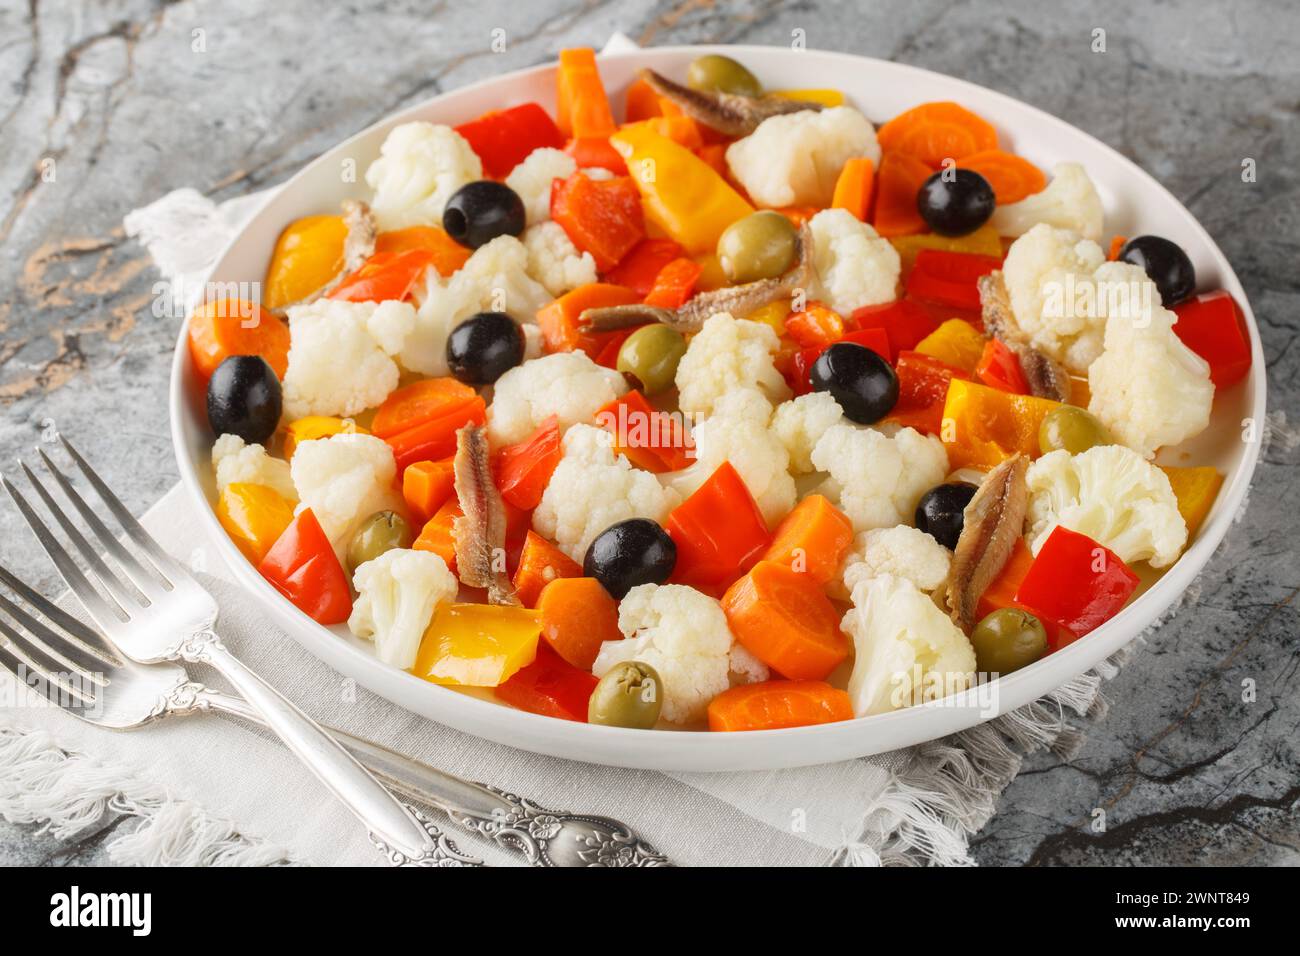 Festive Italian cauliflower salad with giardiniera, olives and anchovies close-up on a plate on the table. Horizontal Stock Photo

■ ■ ■ ■ ■ ■ ■

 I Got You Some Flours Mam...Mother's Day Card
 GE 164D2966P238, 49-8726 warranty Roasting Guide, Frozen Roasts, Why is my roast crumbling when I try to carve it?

■ ■ ■ ■ ■ ■ ■

WORK ORDER: The lines above starting at the one that contains "I Got You Some" and ending at the one that contains "GE 164D2966P238, 49-8726" must be transcribed exactly, and no other lines may appear.

PROBLEM SOLUTION:
 I Got You Some Flours Mam...Mother's Day Card
 GE 164D2966P238, 49-8726 warranty Roasting Guide, Frozen Roasts, Why is my roast crumbling when I try to carve it?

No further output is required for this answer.